The process of registering each video sequence both spatially and temporally is a prerequisite for studying facial dynamics across individuals. In this task we aims to extract a relevant facial representation from raw images acquired by standard video cameras, namely face geometry information. To accomplish this task three main research topics will be addressed: 1- Face geometry modeling using Active Appearance Models (AAM); 2- Improve AAM fitting w.r.t. to occlusion and light variability; 3- Accurate 3D facial reconstruction from multiple views using the AAM; 4- Quasi-dense 3D facial reconstruction. |
|
In this sub-task we explore the use of AAM and several proposed improvements in order to create a robust and accurate face geometry model. AAMs are generative nonlinear parametric models of shape and texture, commonly used to model faces. These adaptive template matching methods model the variability of shape and texture captured from a representative training set, being able to fully describe both shape (2D control points localization) and texture (appearance) of the trained faces, as well as unseen faces. Several enhancements were proposed to the traditional AAM where the most relevant was the fitting formulation based on the Inverse Composition Image Alignment. A true gradient derived approach (such as the Simultaneous Inverse Compositional or the ProjectOut formulation) was used rather than a pre-computed numerical estimate leading into a more efficient and accurate fitting quality. Another AAM variant, the combined 2D+3D AAM was also proposed, where a 3D AAM (build with structure from motion) is constrained by a 2D AAM allowing the recovery of the 3D shape of faces from a single image proving to be a more stable model with less local minima prone.
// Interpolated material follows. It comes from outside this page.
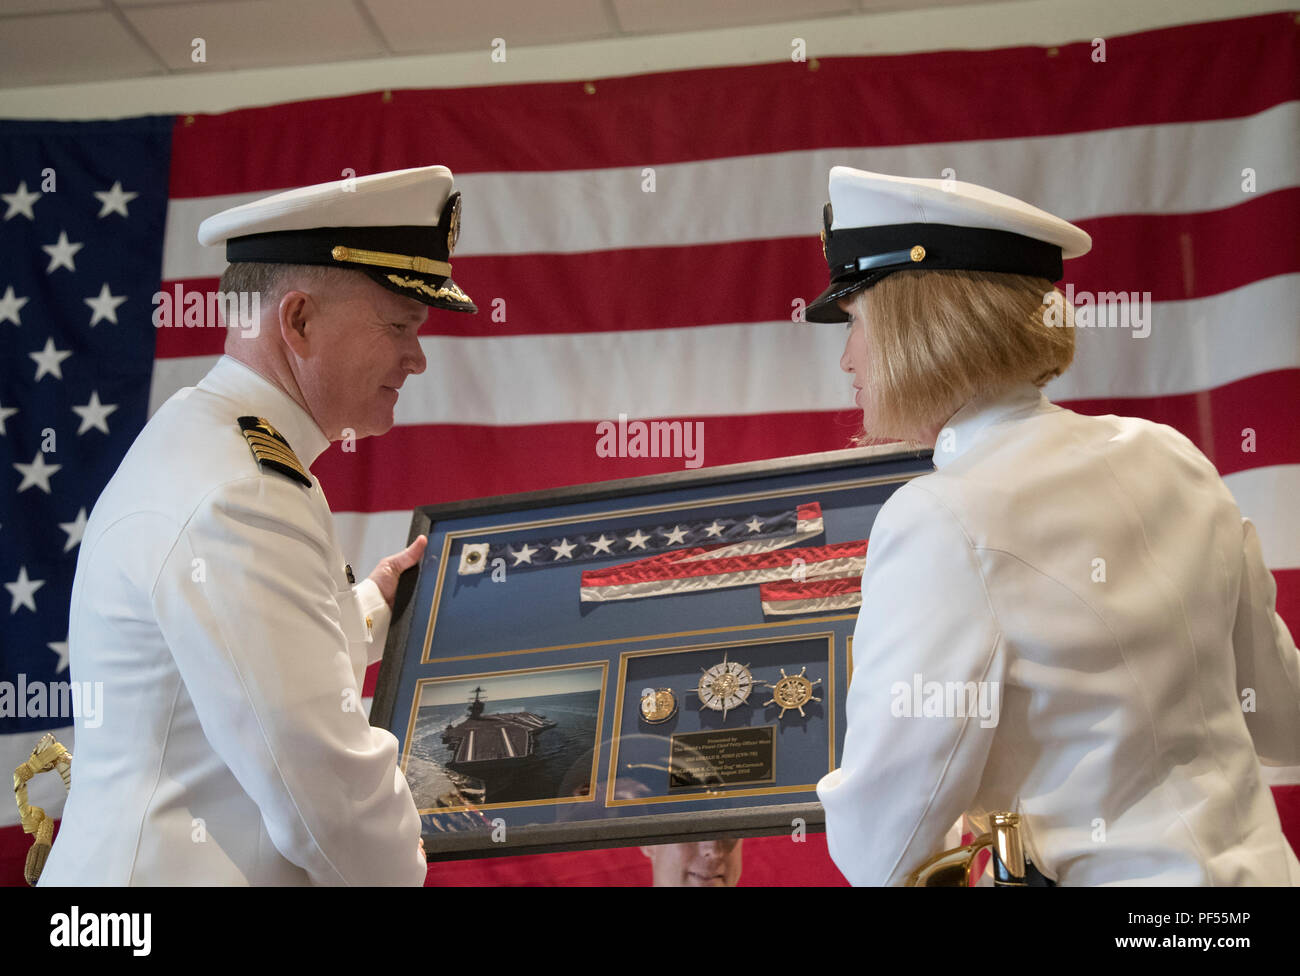 Command Master Chief Virginia Y. Sanders > Naval Air Force, U.S.
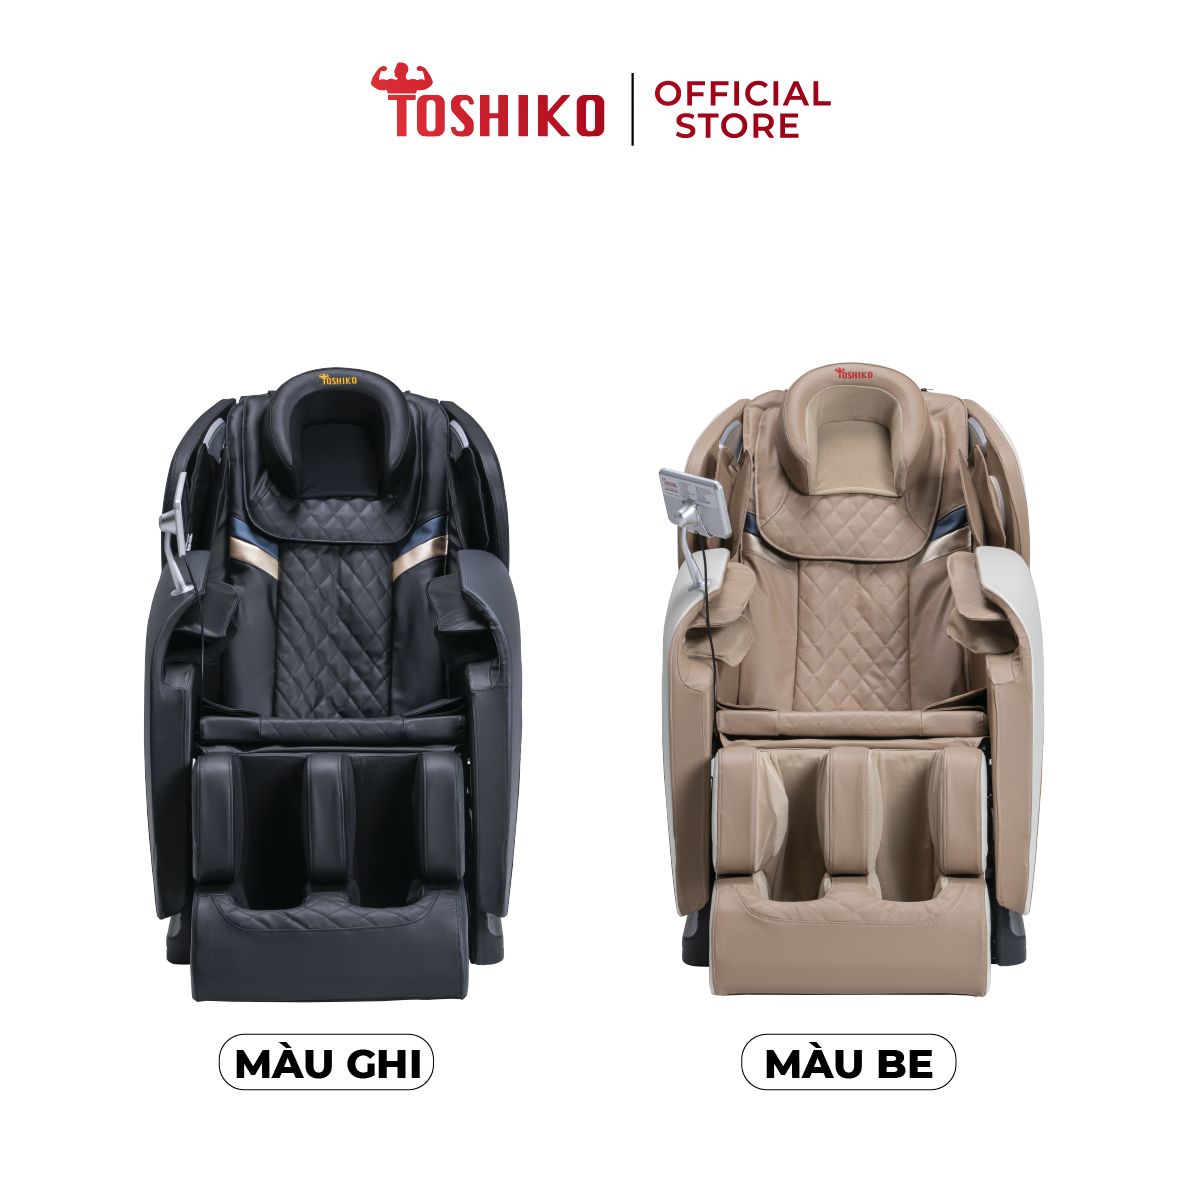 Ghế massage trị liệu toàn thân Toshiko T21

We will explore the use of Simultaneous Inverse Compositional or the ProjectOut formulation as well as the 2D+3D AAM to model a sparse 3D model of a face.
In this sub-task we will explore several approach in order to improve the morphable face model with respect to partial occlusions and light variation. One of the major limitations of the Active Appearance Models is its lack of robustness to partial occlusion. A small amount of occlusion is sufficient to cause the AAM search to diverge. AAM fitting minimize the L2 norm (SSD) between the model and the (warped) target image. The use of an appropriate norm, was shown to make the AAM more robust to missing data and outliers. This approach and other light invariant texture models will be also subject to further research.
For the purpose of out research, a 3D facial reconstruction is required. Instead of using 3D dense range models, or dense stereo based reconstruction solutions, we propose to fit a single 2D+3D AAM to multiple images (not less than three cameras) captured simultaneously by uncalibrated cameras positioned arbitrarily in front of the individual’s face. Multiple view AAM fitting provide an accurate 3D sparse facial reconstruction less prone to self occlusion.
In order to robustly characterize the facial dynamics using the sparse reconstruction obtained with the 2D+3D AAM, it is necessary to make this discretization process sufficiently refined to accurately capture the individual ́s facial dynamics. To accomplish this task, and since the facial reconstruction is based on an AAM model, it is necessary to increase the density of reconstruction, intensifying the number of vertices, using densification approaches.
Summarizing, this task aims the 3D quasi-dense facial reconstruction from multiple view images using a single 2D+3D AAM. This task will also devote further investigation on robust solutions for the AAM fitting under occlusions and light invariant texture models.